### Instructions for the task
What is needed is an exact copy of the lines from the line holding "New showerhead by" through the end of the material, with no other lines and no pictures.

### Data below
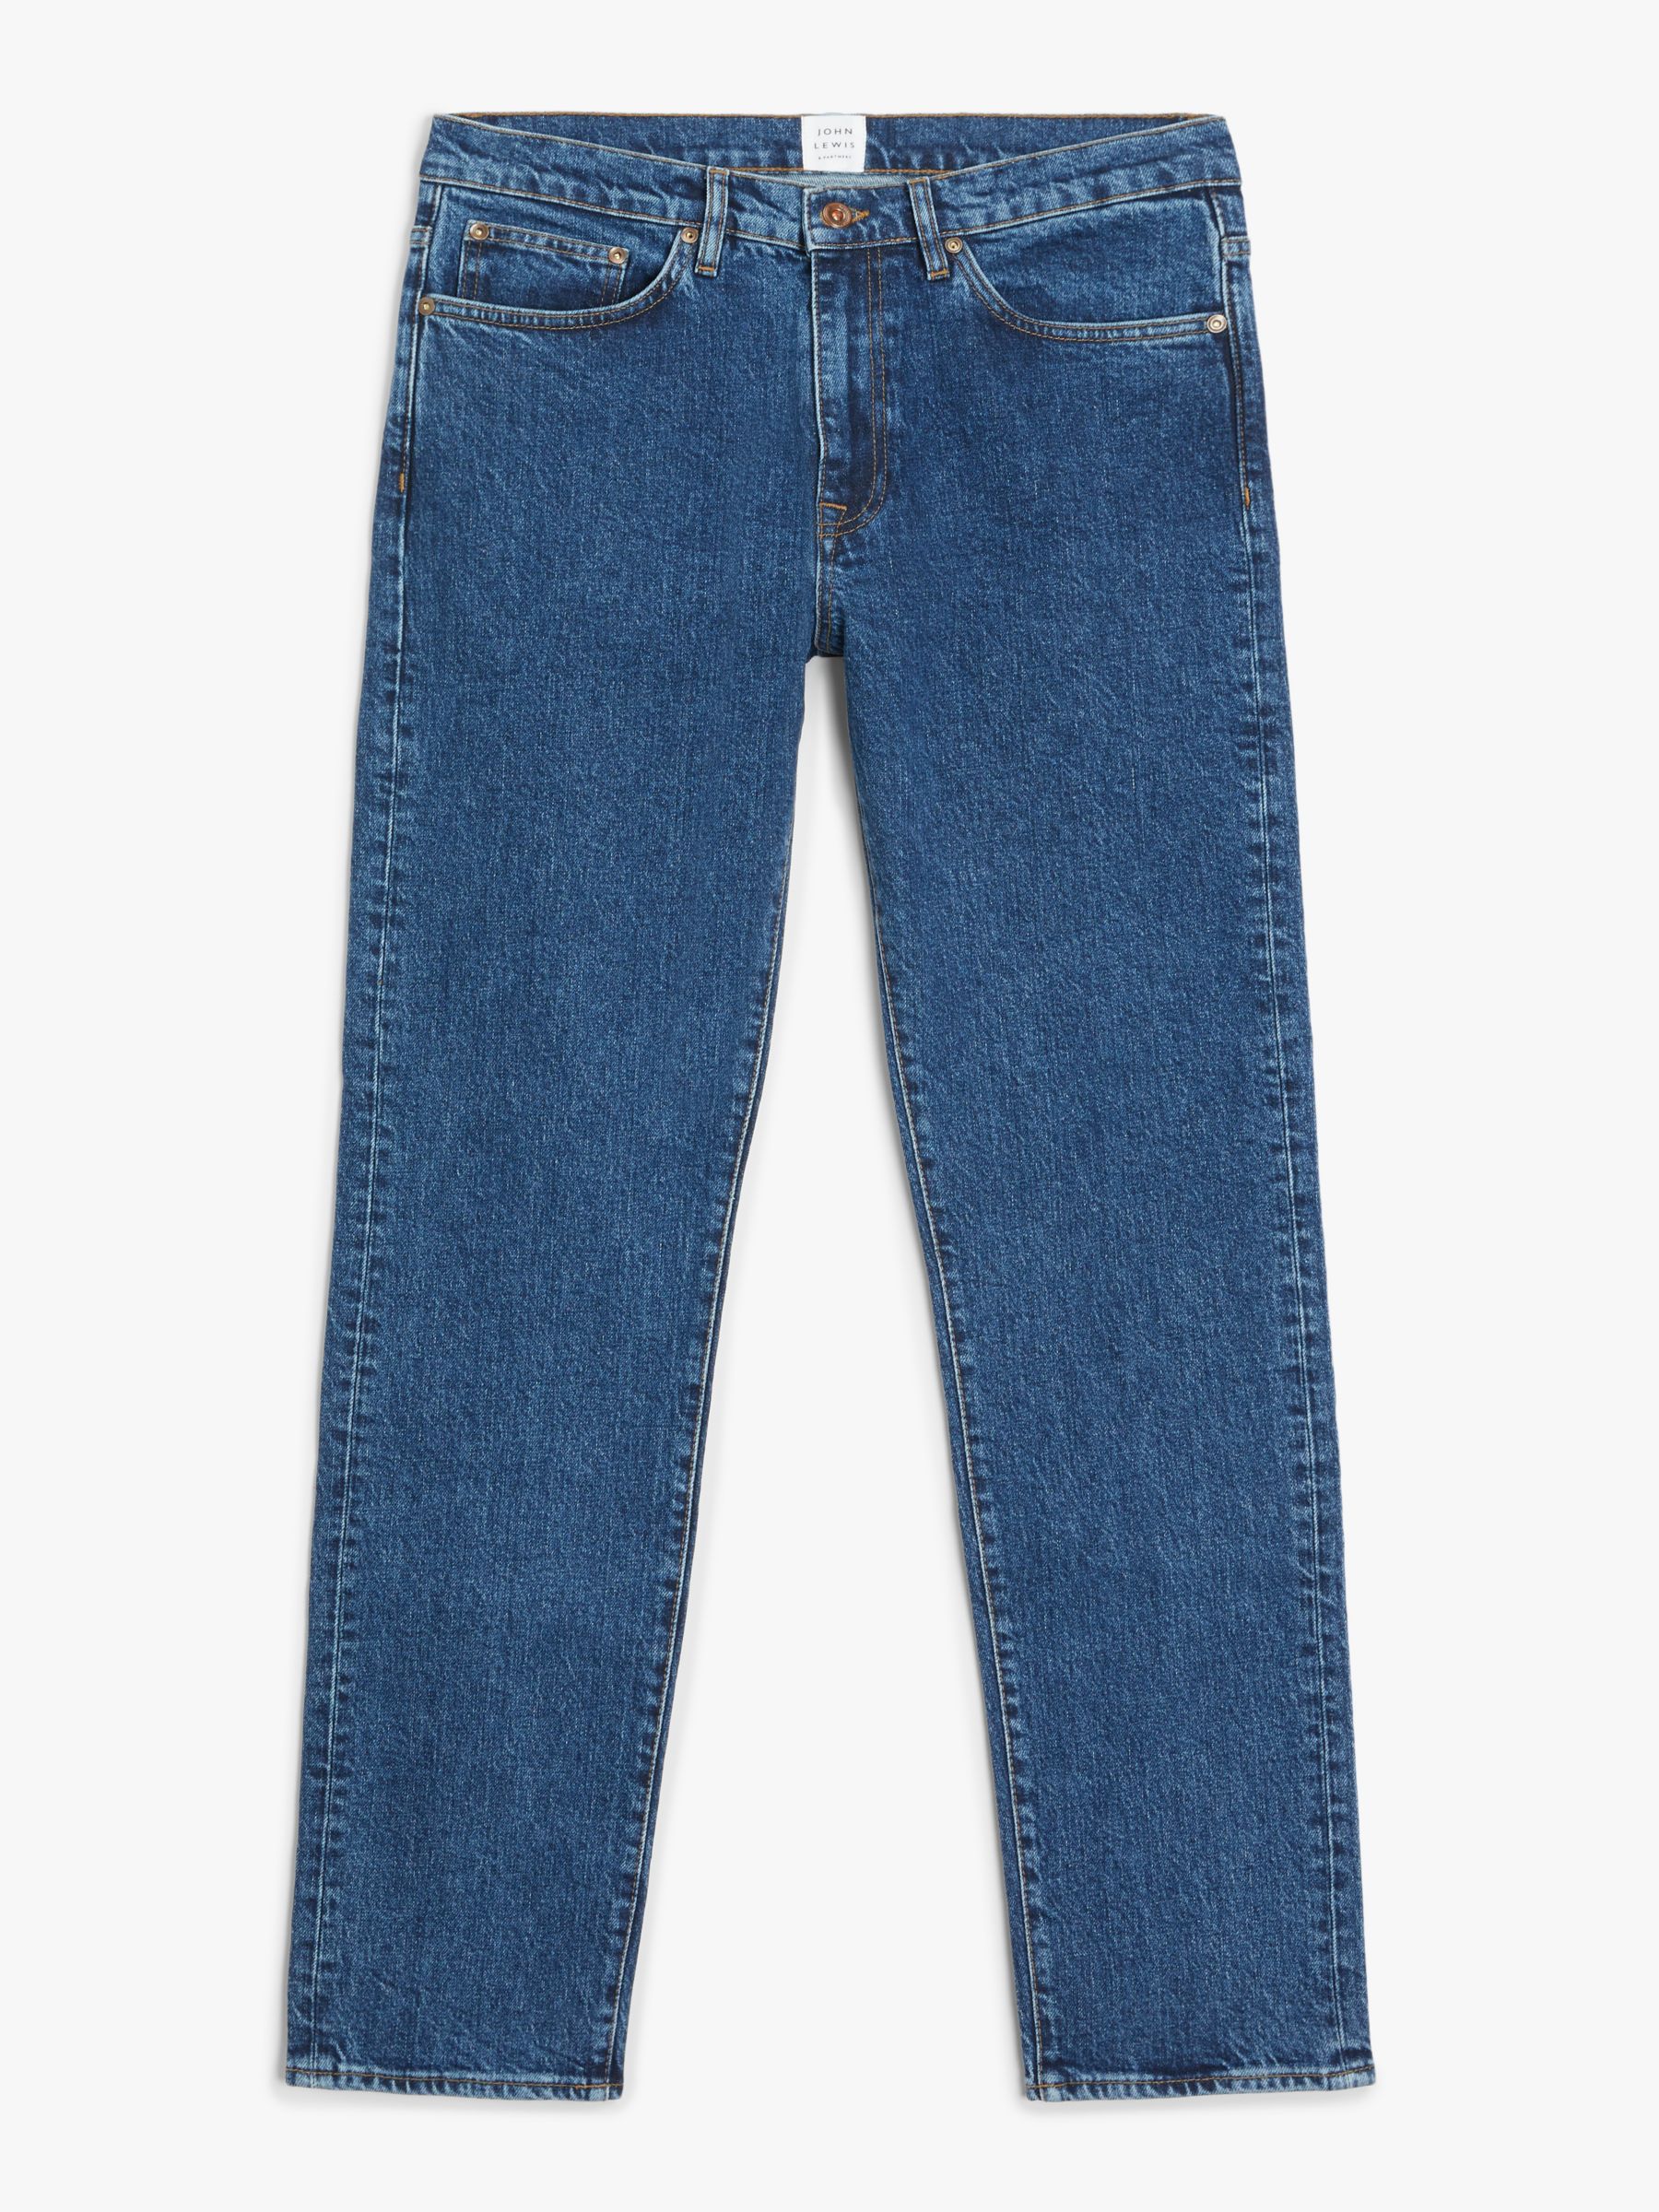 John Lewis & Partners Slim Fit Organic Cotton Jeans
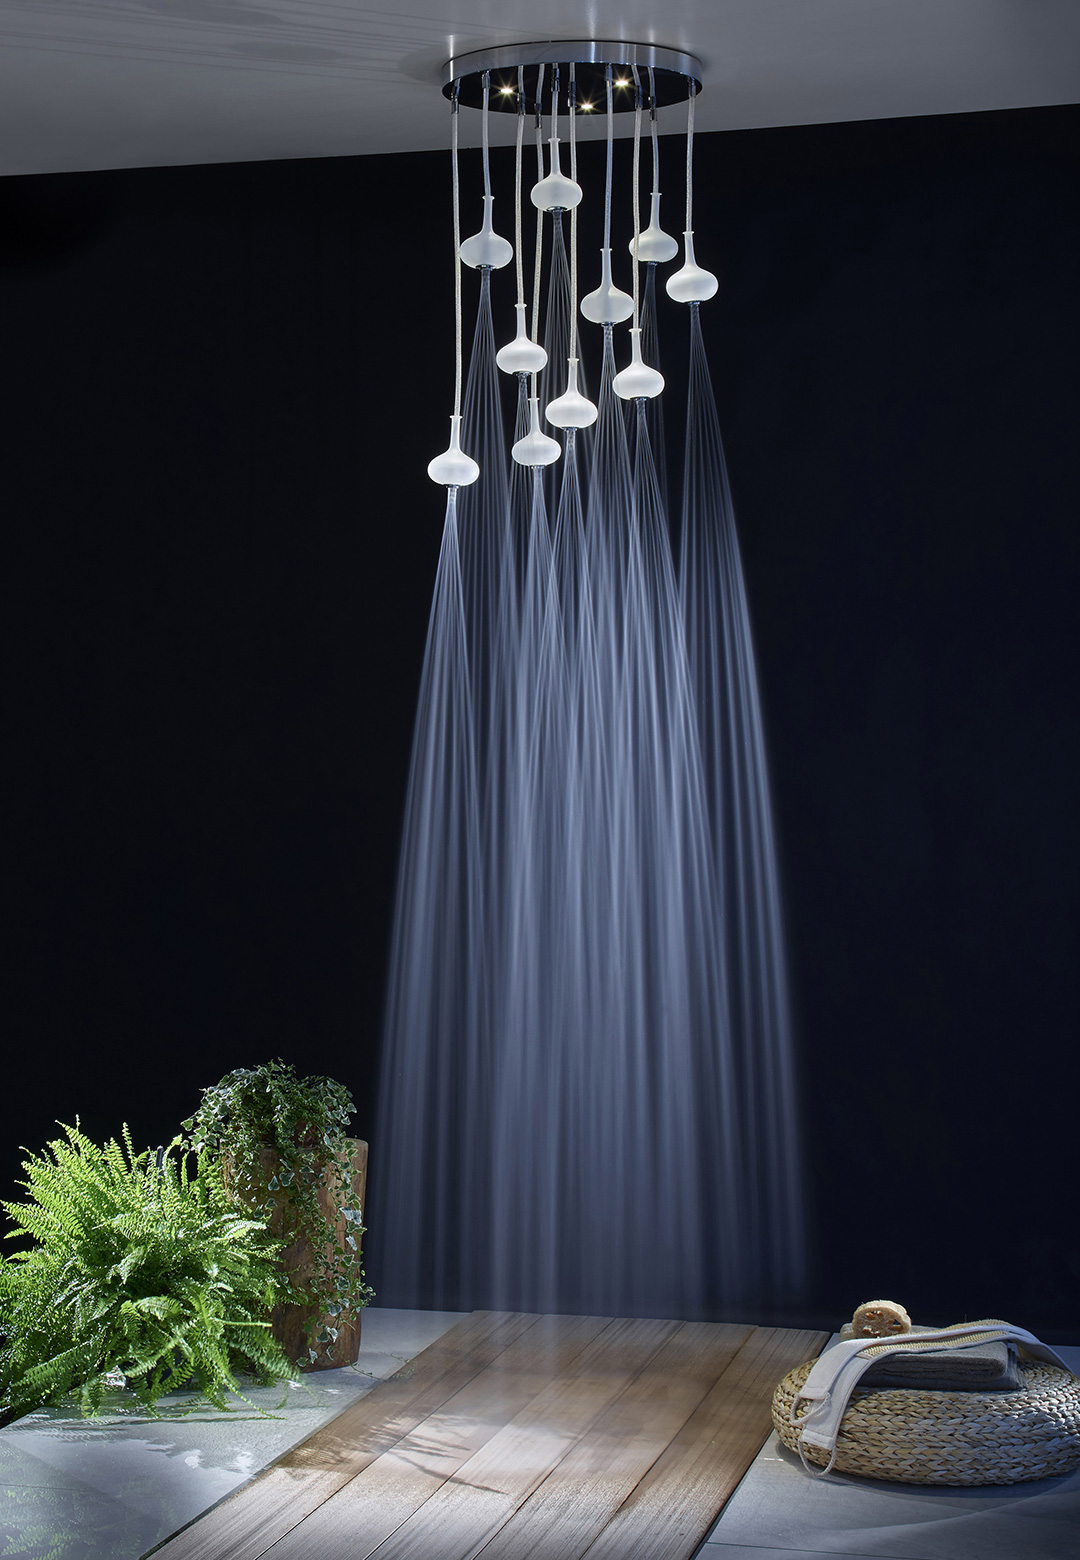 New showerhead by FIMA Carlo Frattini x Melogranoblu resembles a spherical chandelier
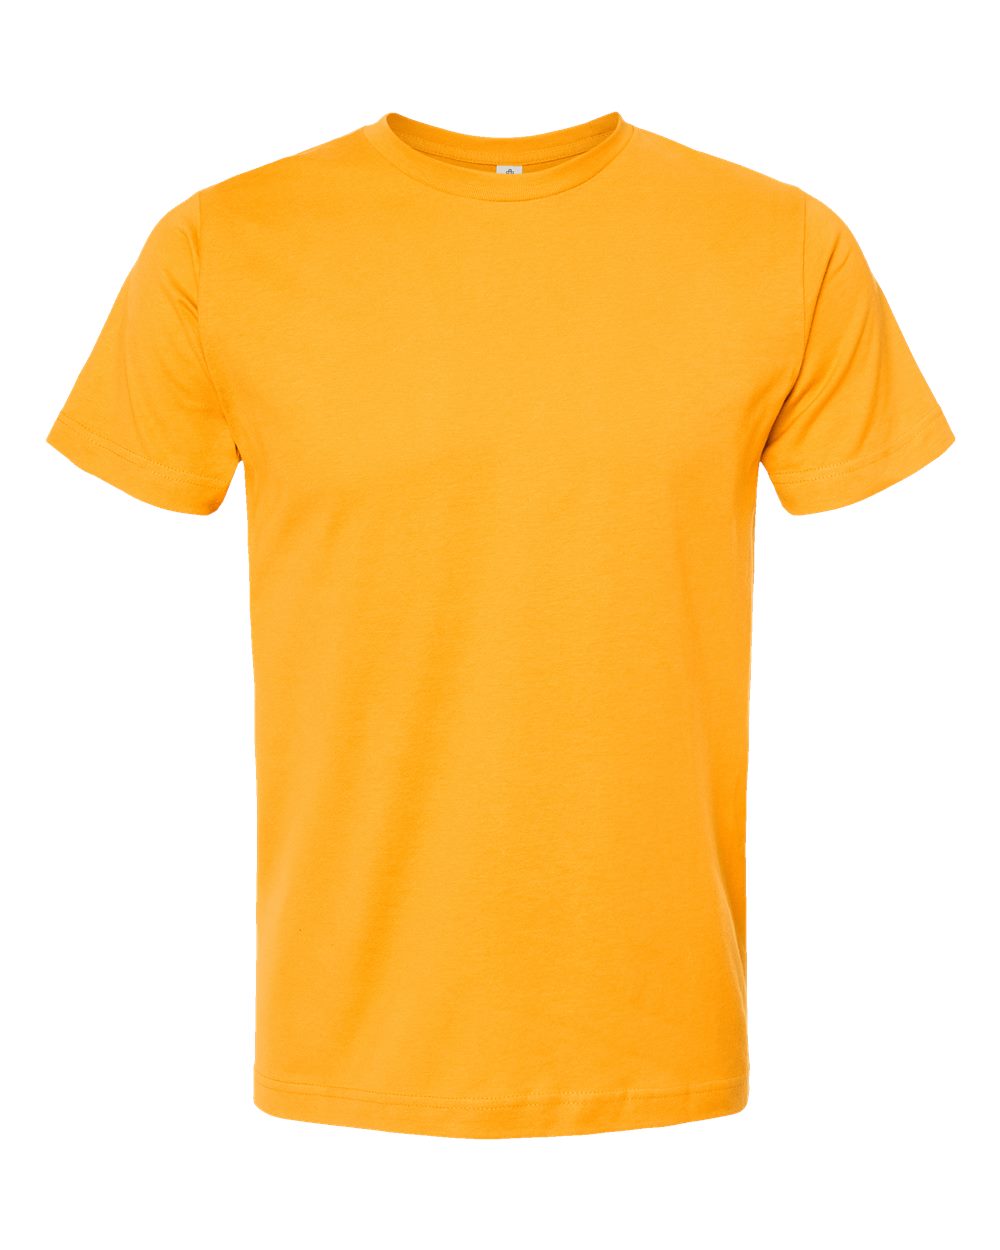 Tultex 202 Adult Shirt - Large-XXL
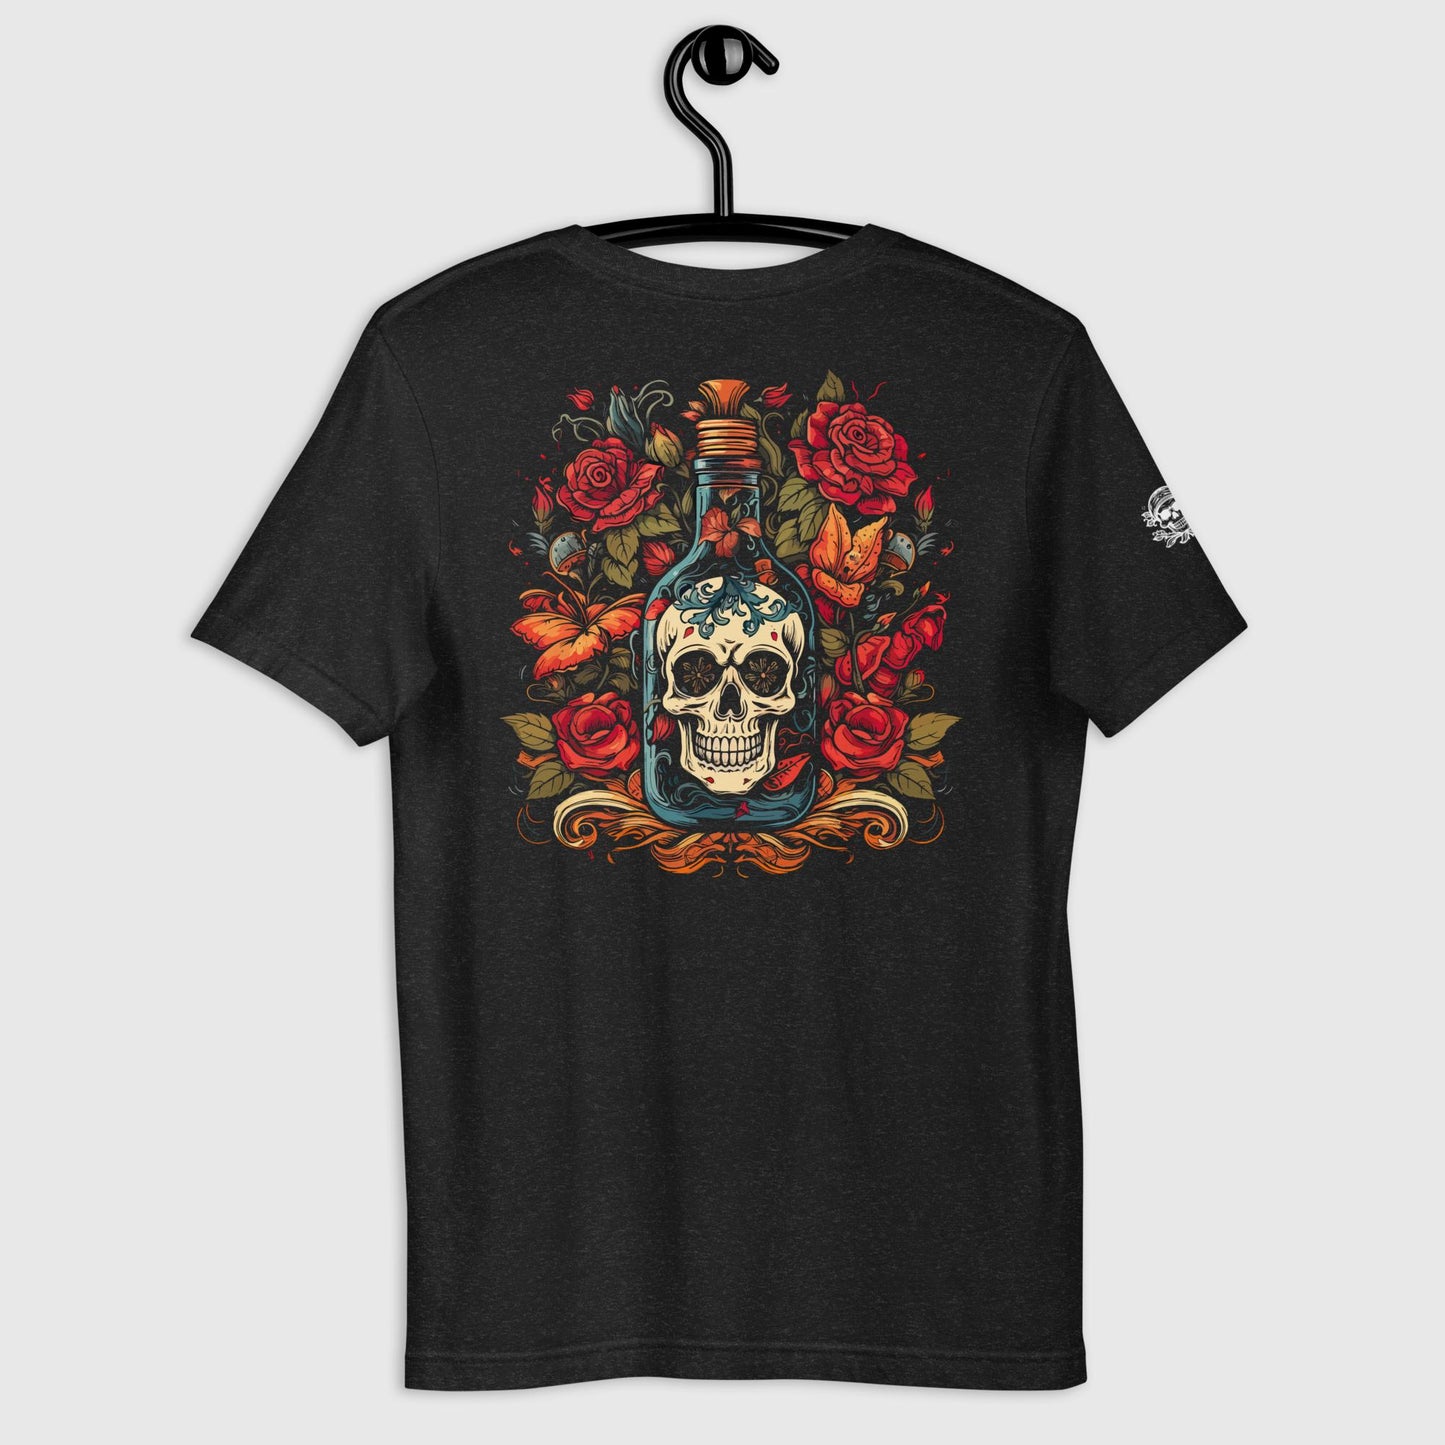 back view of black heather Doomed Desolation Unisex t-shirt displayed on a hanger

### Result of this task
 New showerhead by FIMA Carlo Frattini x Melogranoblu resembles a spherical chandelier
 Tultex 202 Adult Shirt - Large-XXL
 back view of black heather Doomed Desolation Unisex t-shirt displayed on a hanger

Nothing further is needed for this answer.